Anger is healthier than chronic sadness, healthier than worrying. It reduces inflammation, and MS is an inflammatory disease. Since I have started trying to express anger more easily, I have noticed that when I do, I feel better for hours. I don’t know about the long-term effects on my MS yet.
Doing Anger Right
I think the bottom line is, if we don’t get angry with others when they are hurting us, the anger doesn’t go away. Where does it go? If we don’t process it some other way, we turn it on ourselves.

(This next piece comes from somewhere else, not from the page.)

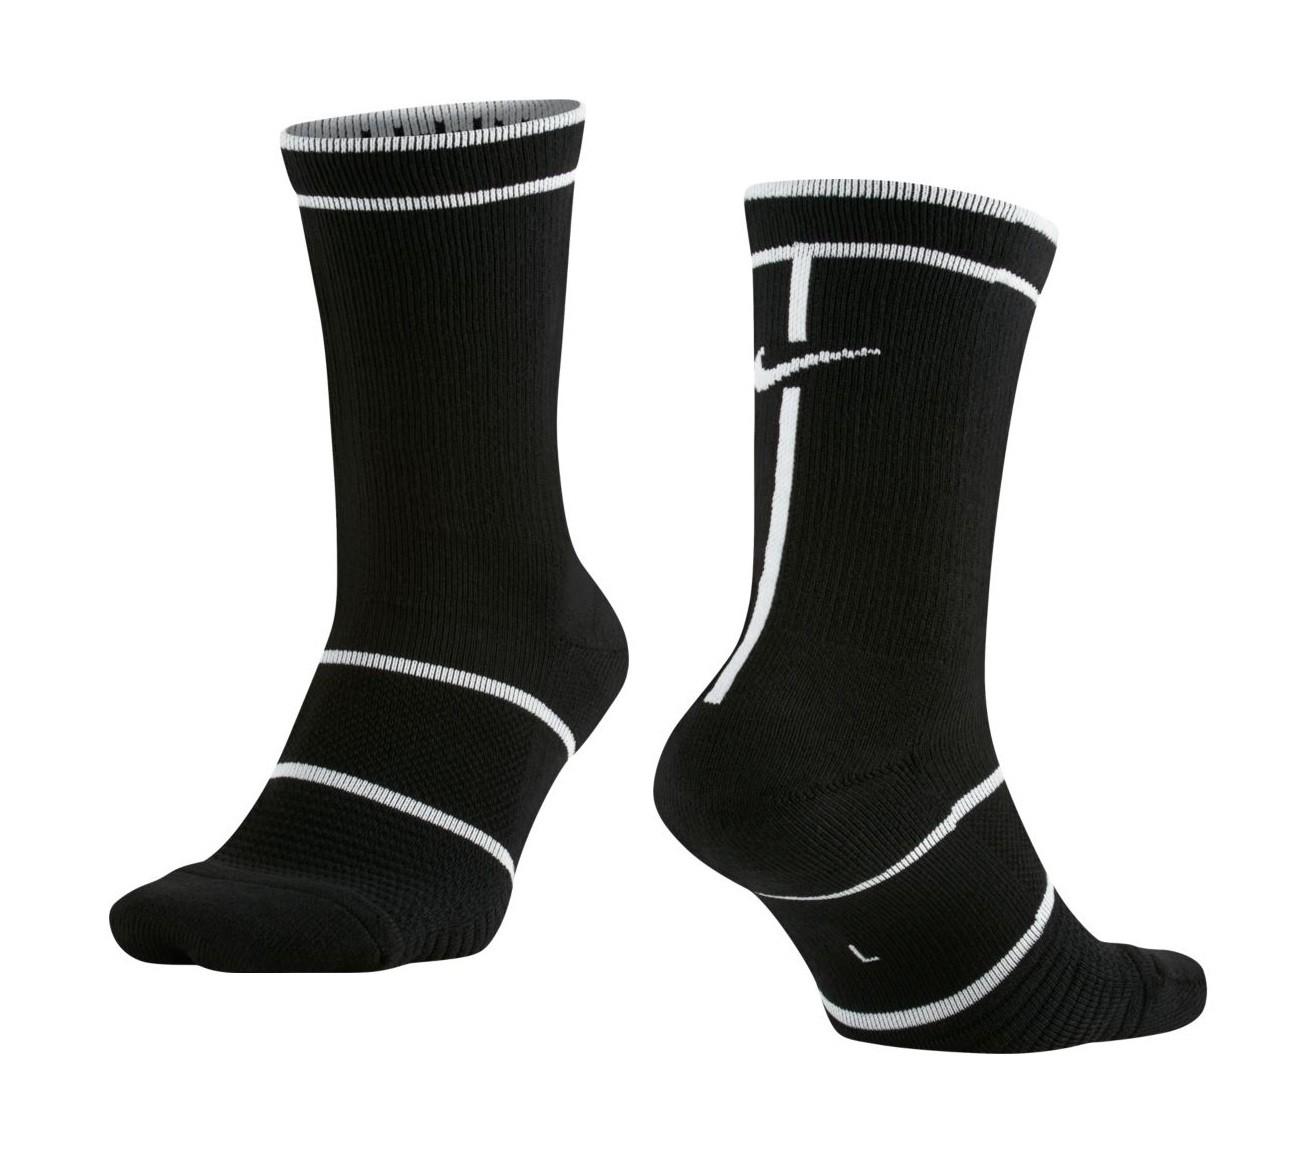 Tenisové ponožky NikeCourt Essentials Crew Tennis Socks SX6913-014 černé 7df7b8f8cd
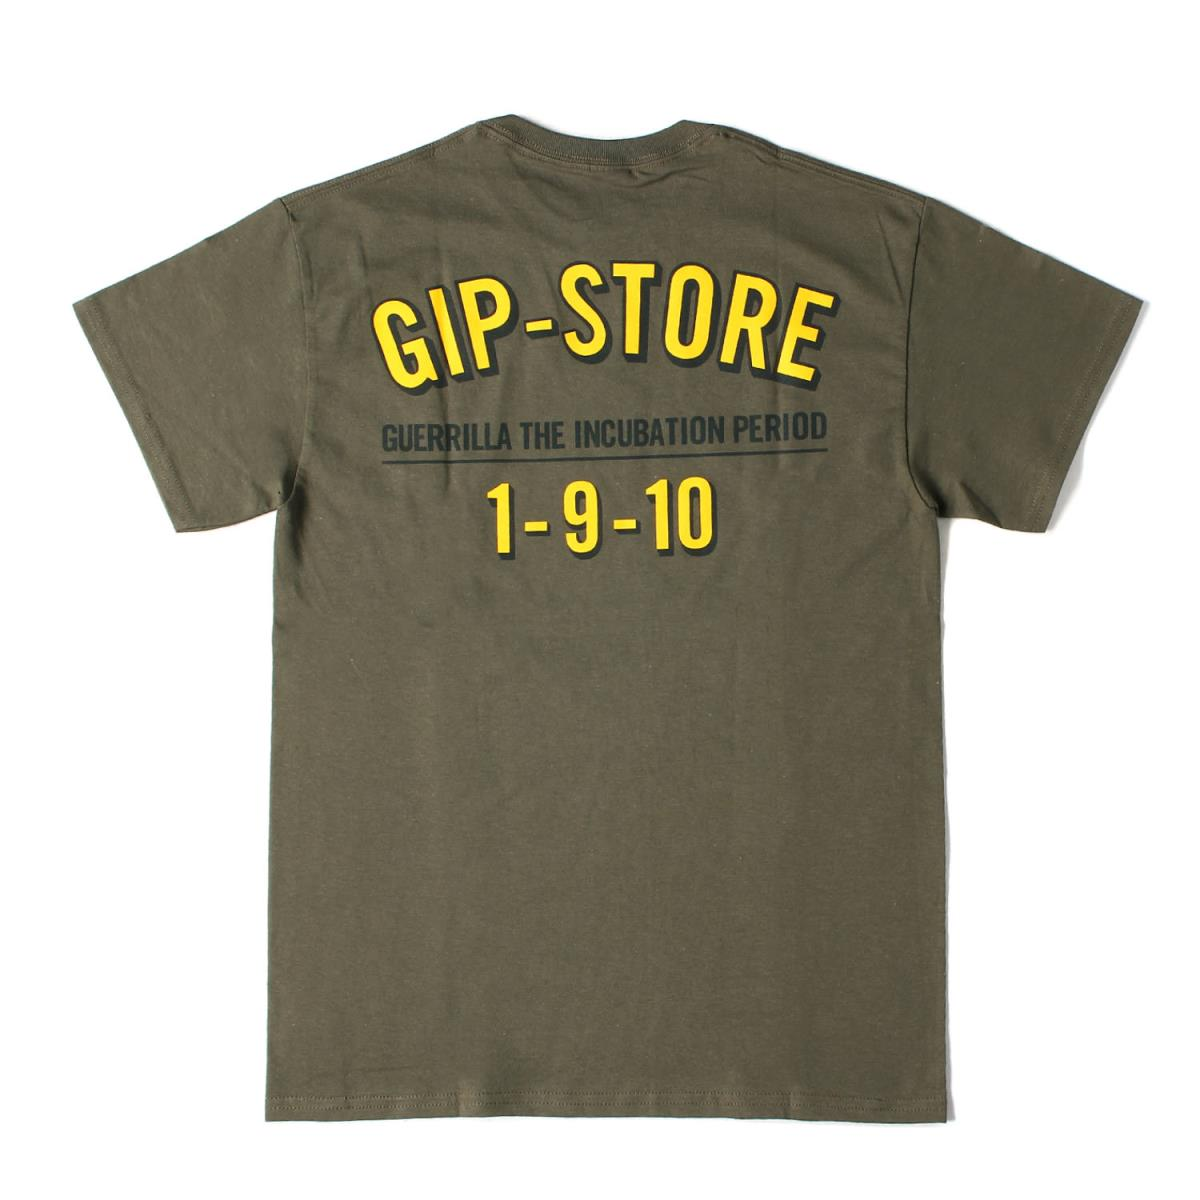 WTAPS ダブルタップス Tシャツ 19AW GIP-STORE限定 ロゴプリント Tシャツ オリーブドラブ M 【メンズ】【K2480】

We have to learn to speak up for what we need and want. Long-term unexpressed anger causes all kinds of harm in our bodies and our relationships. Simmering anger is called resentment, and it is a killer, “like taking poison and expecting the other person to die.” Anger should be expressed, acted on, and let go.
Sometimes, the ones doing us wrong are too powerful or too far away to safely reach with our anger. This is a major reason people who are poor or from groups who experience discrimination have much worse health. They are denied expression of their righteous anger.
We might have to be creative in actions we take and realize we might not see any results any time soon. Even a strongly-worded letter might make us feel better. (Customer reviews are good for that.)
Sometimes we can find other ways to process our anger. Exercise, physical contact, and doing pleasurable things will help our bodies produce endorphins, dopamine, and the other feel-good hormones such as serotonin. Those things may help us deal with anger we cannot safely express. Meditation and prayer might help too. But chronically stifling our anger means leaving ourselves defenseless against the world. I don’t mean be a jerk, but my goal is to not always be the one who gets out of the way. Other people can do that, too.